■ ASSIGNMENT:
Using the listing below, retype only the lines from the line with "The battlefield of Gettysburg" through the end, both ends included, and exclude the pictures.

■ MATERIAL PROVIDED:

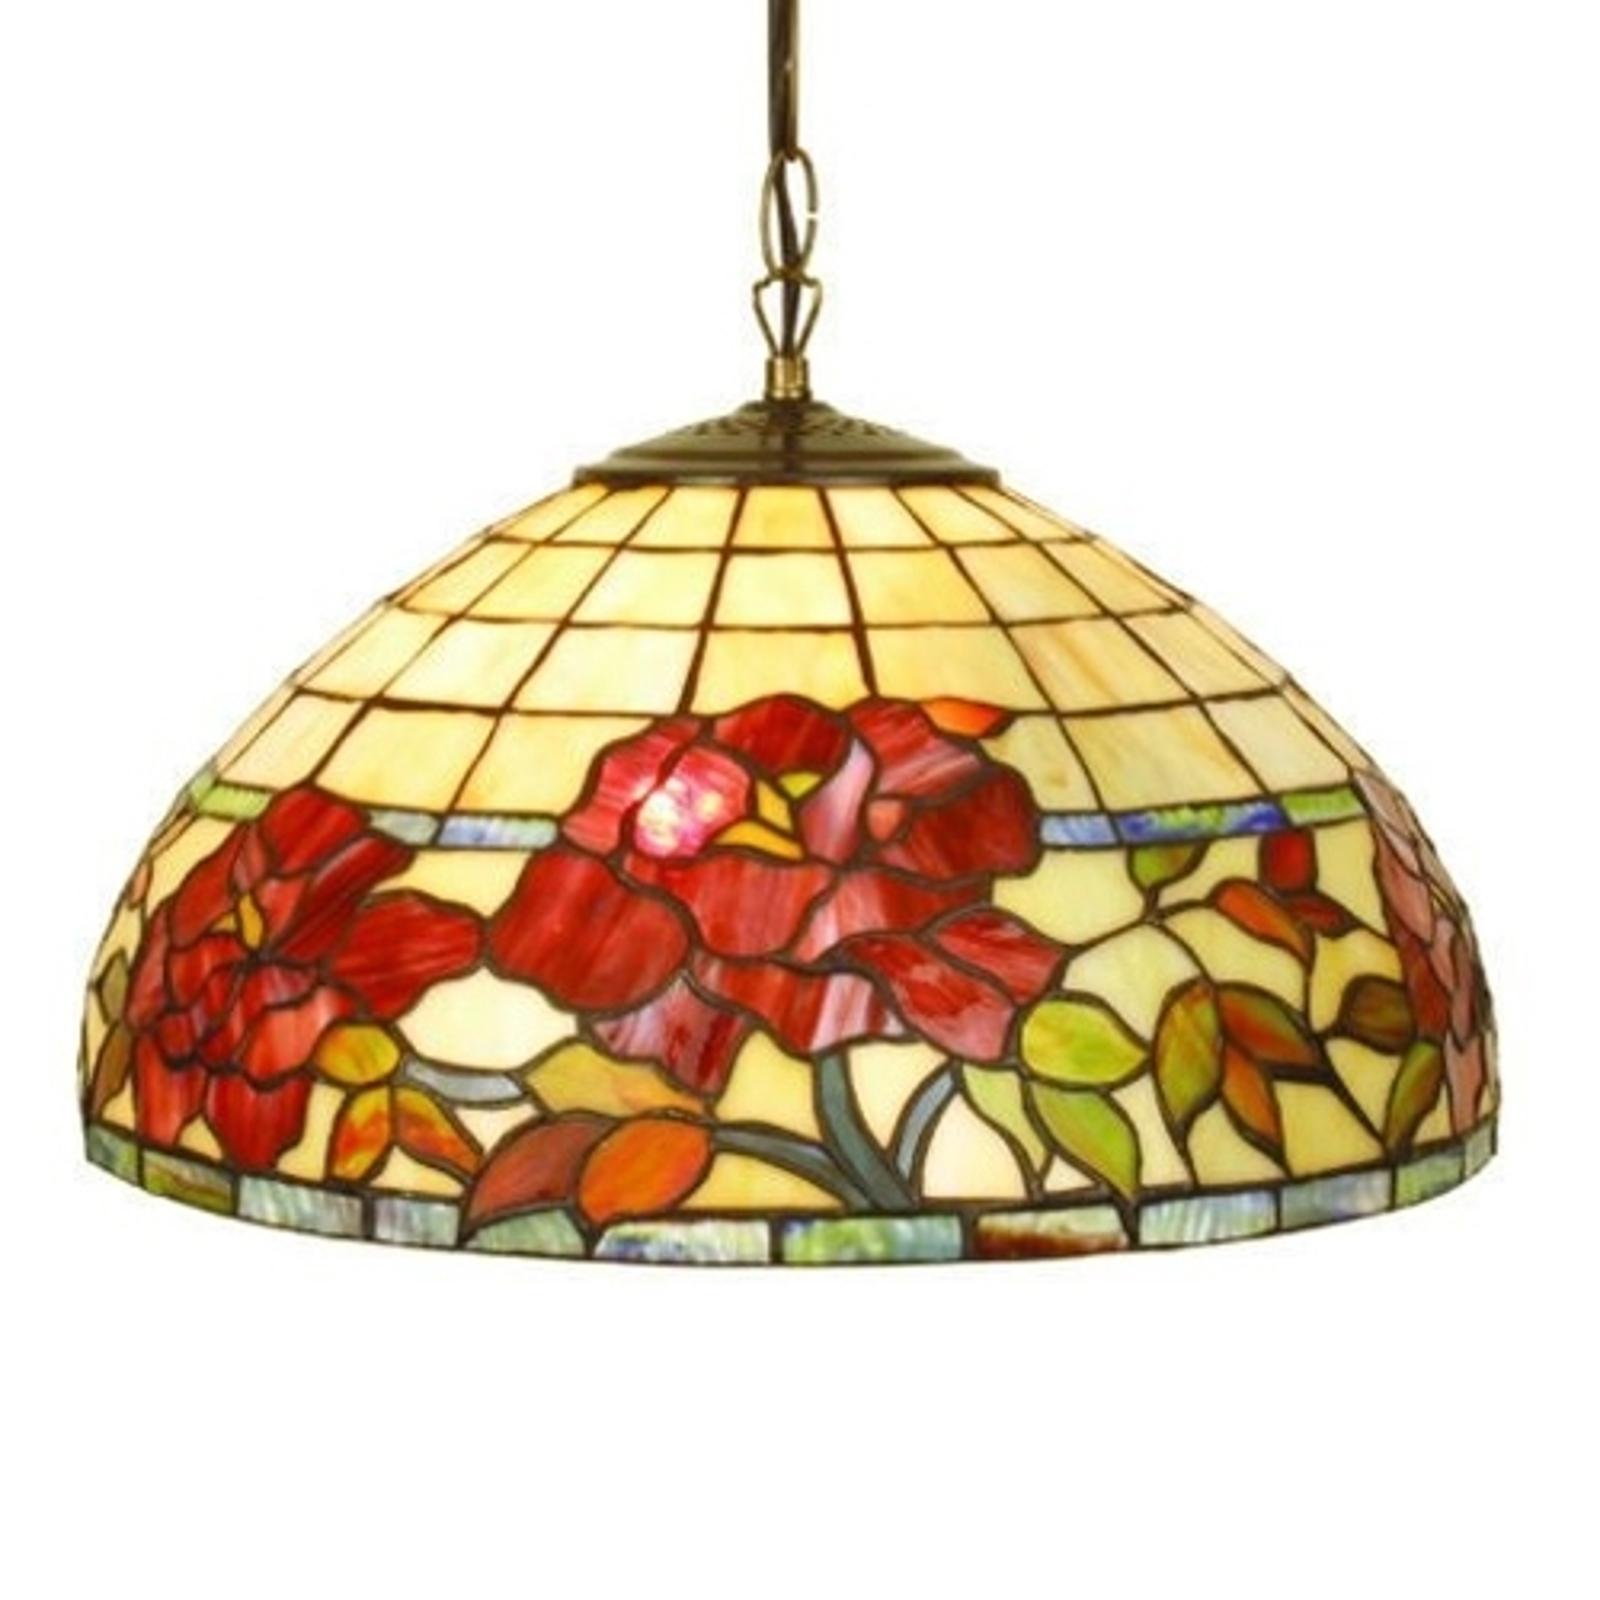 ESMEE - artistica lampada a sospensione 1 x E27
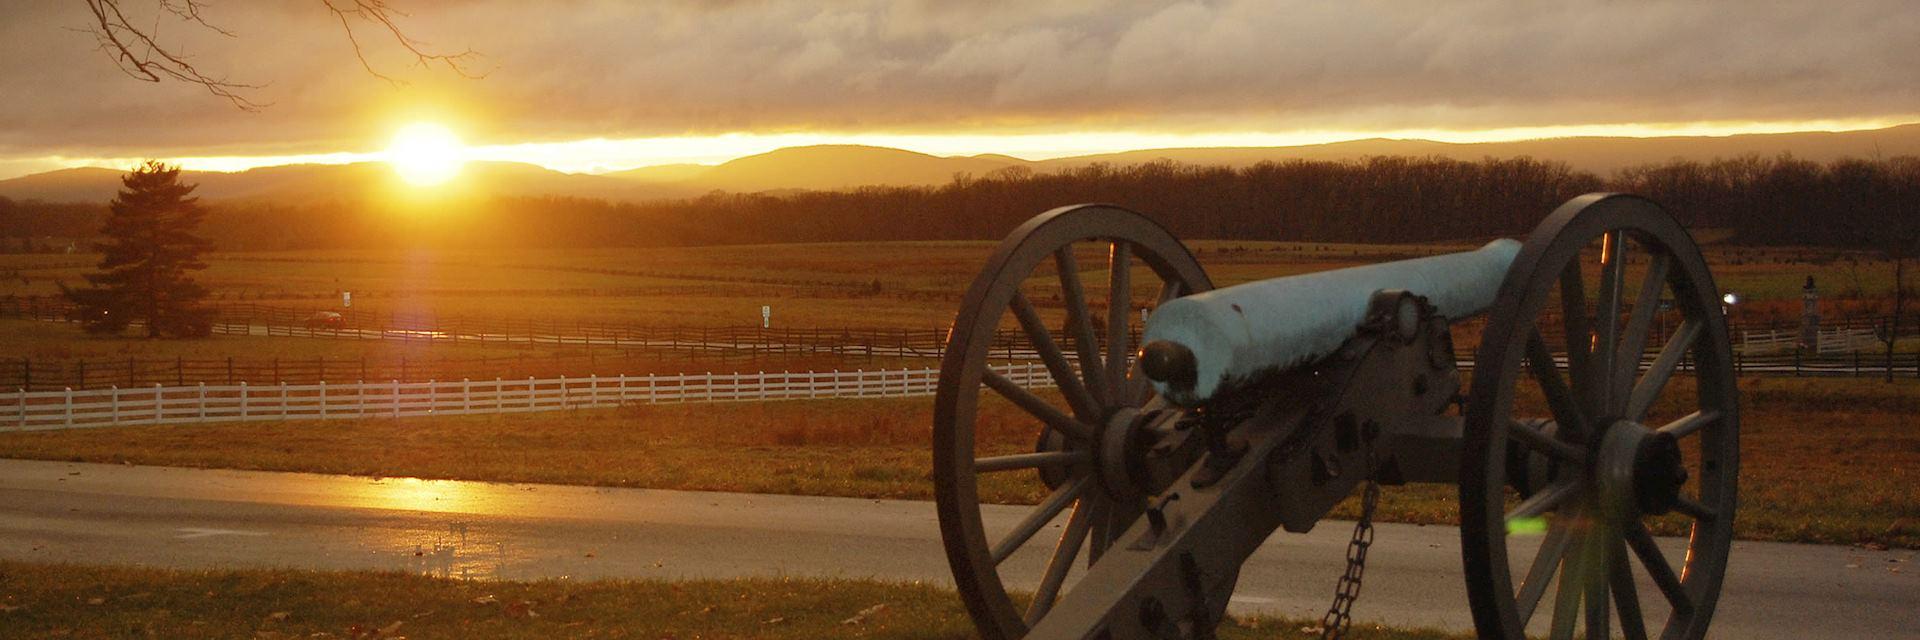 The battlefield of Gettysburg
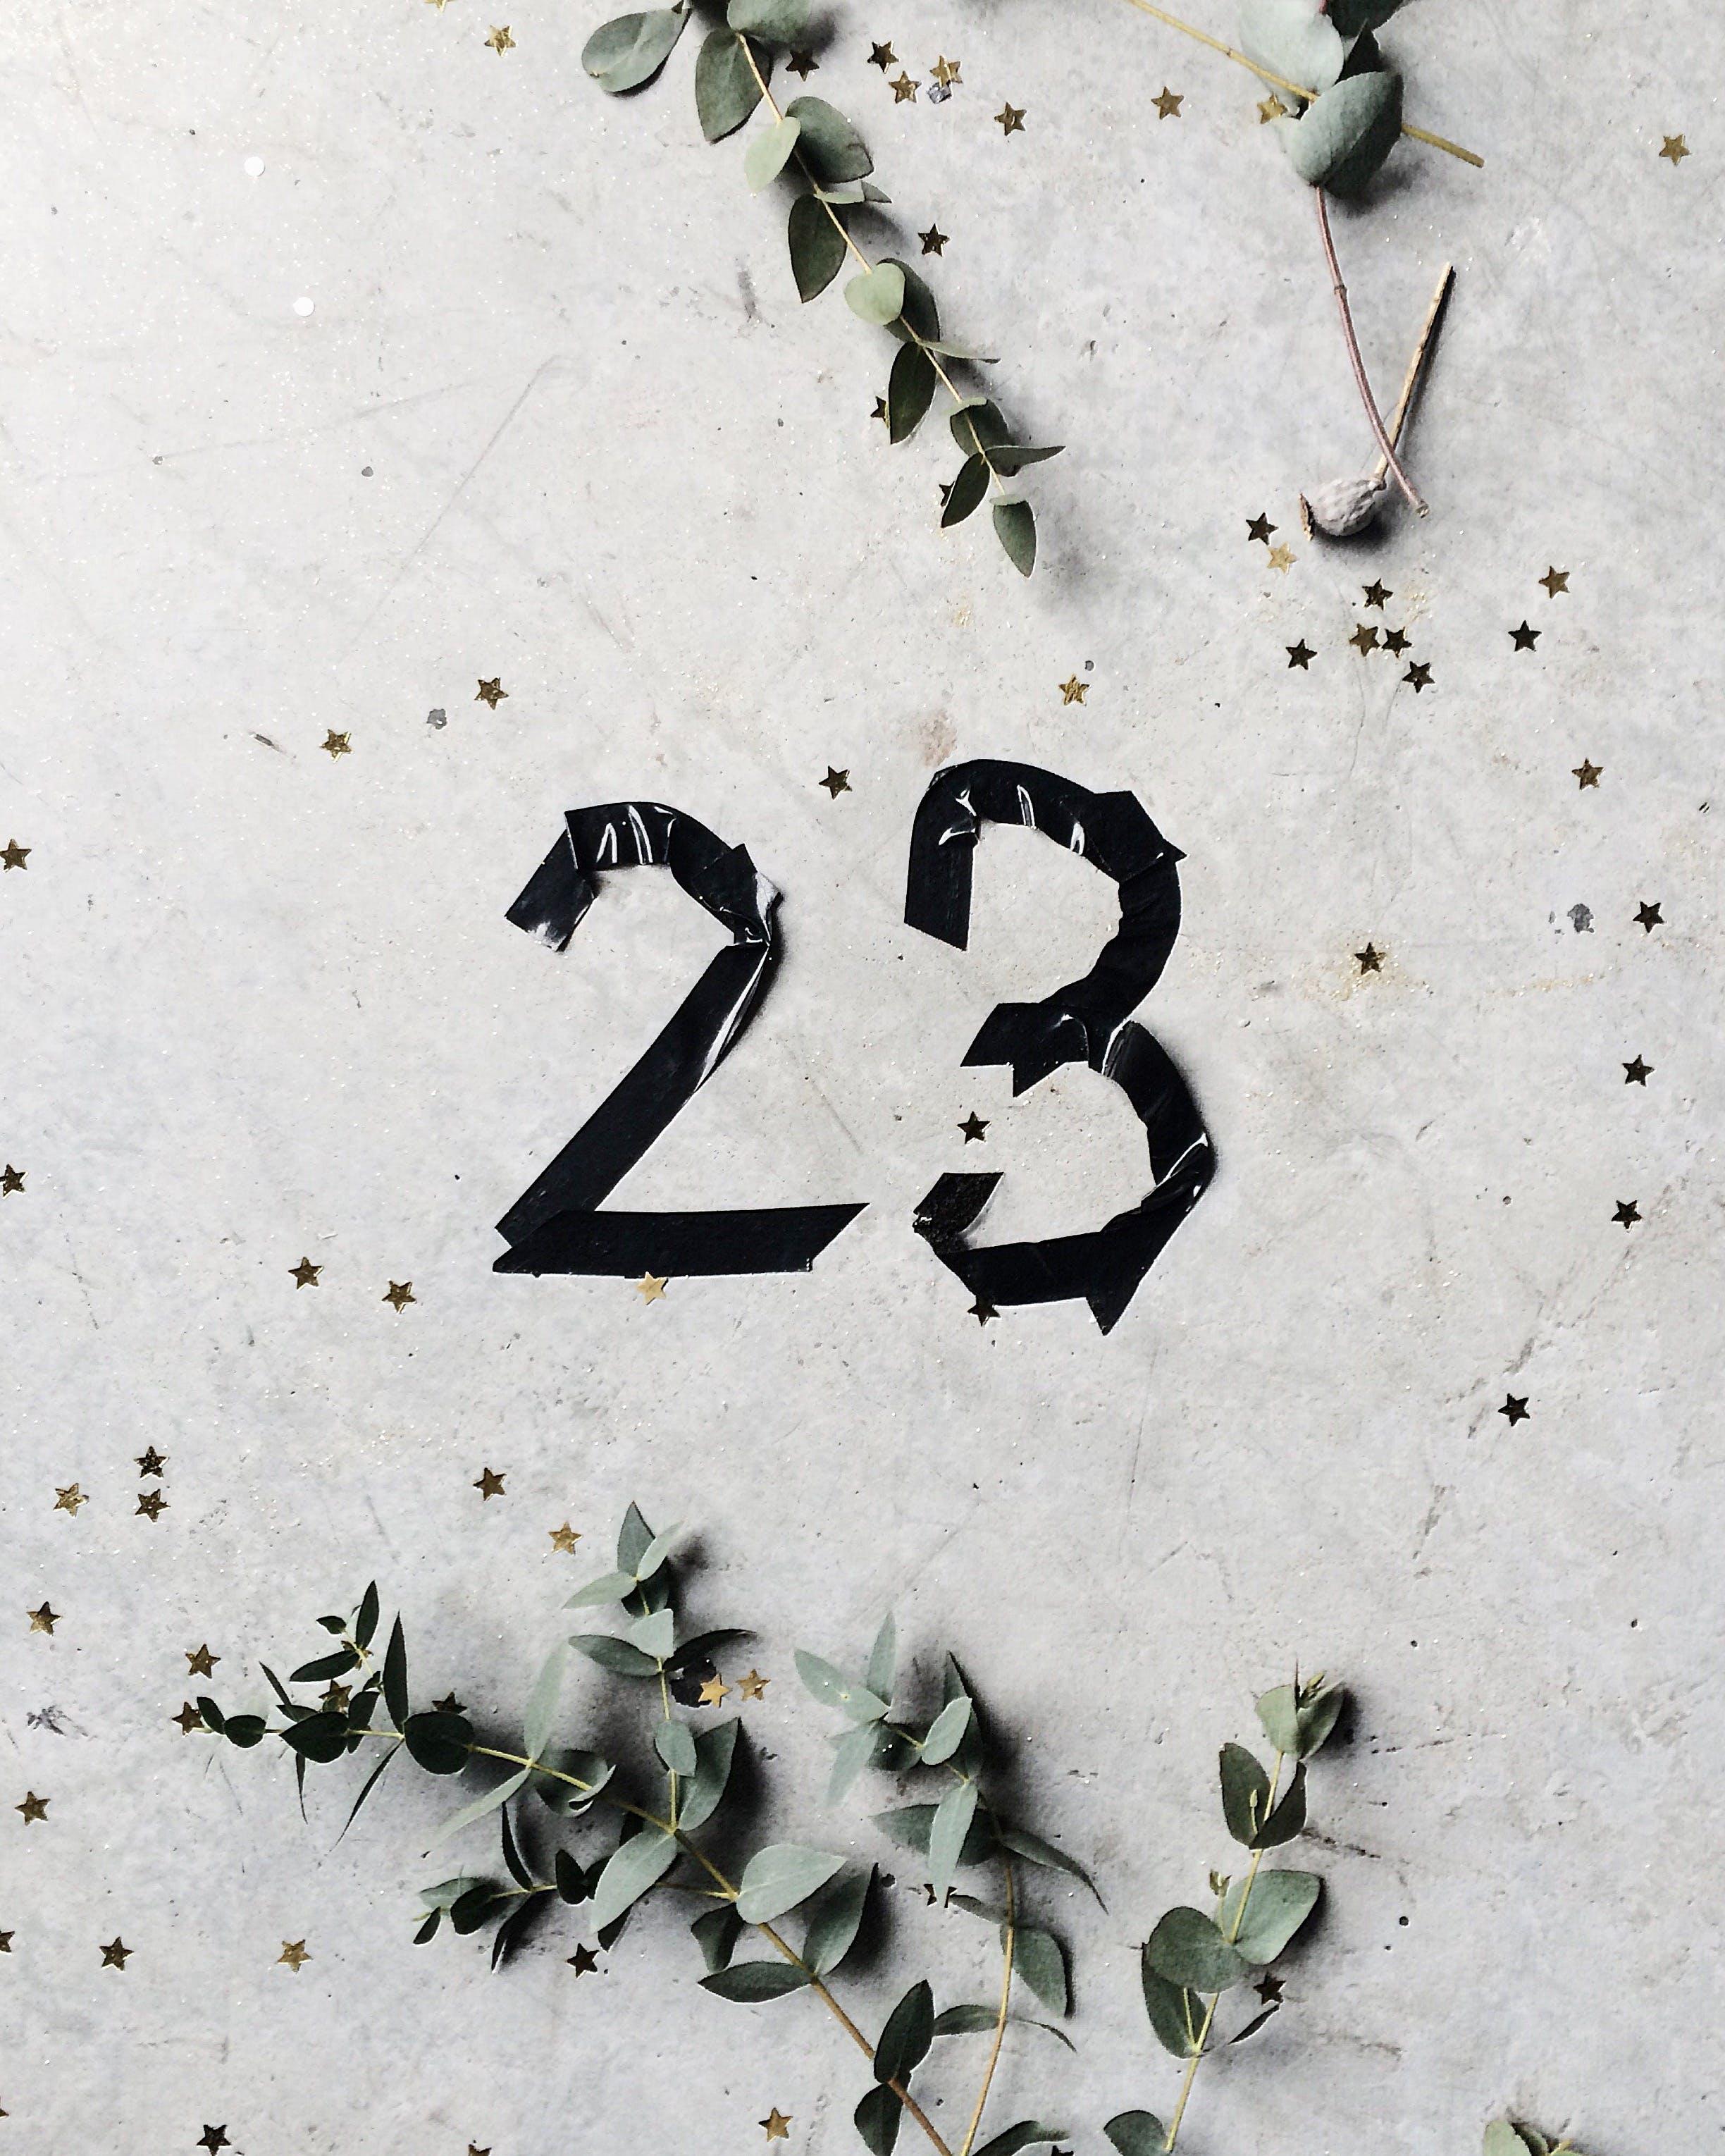 White Concrete Wall Showing 23 Sticker

■ ANSWER FOR THIS EXERCISE:
 The battlefield of Gettysburg
 White Concrete Wall Showing 23 Sticker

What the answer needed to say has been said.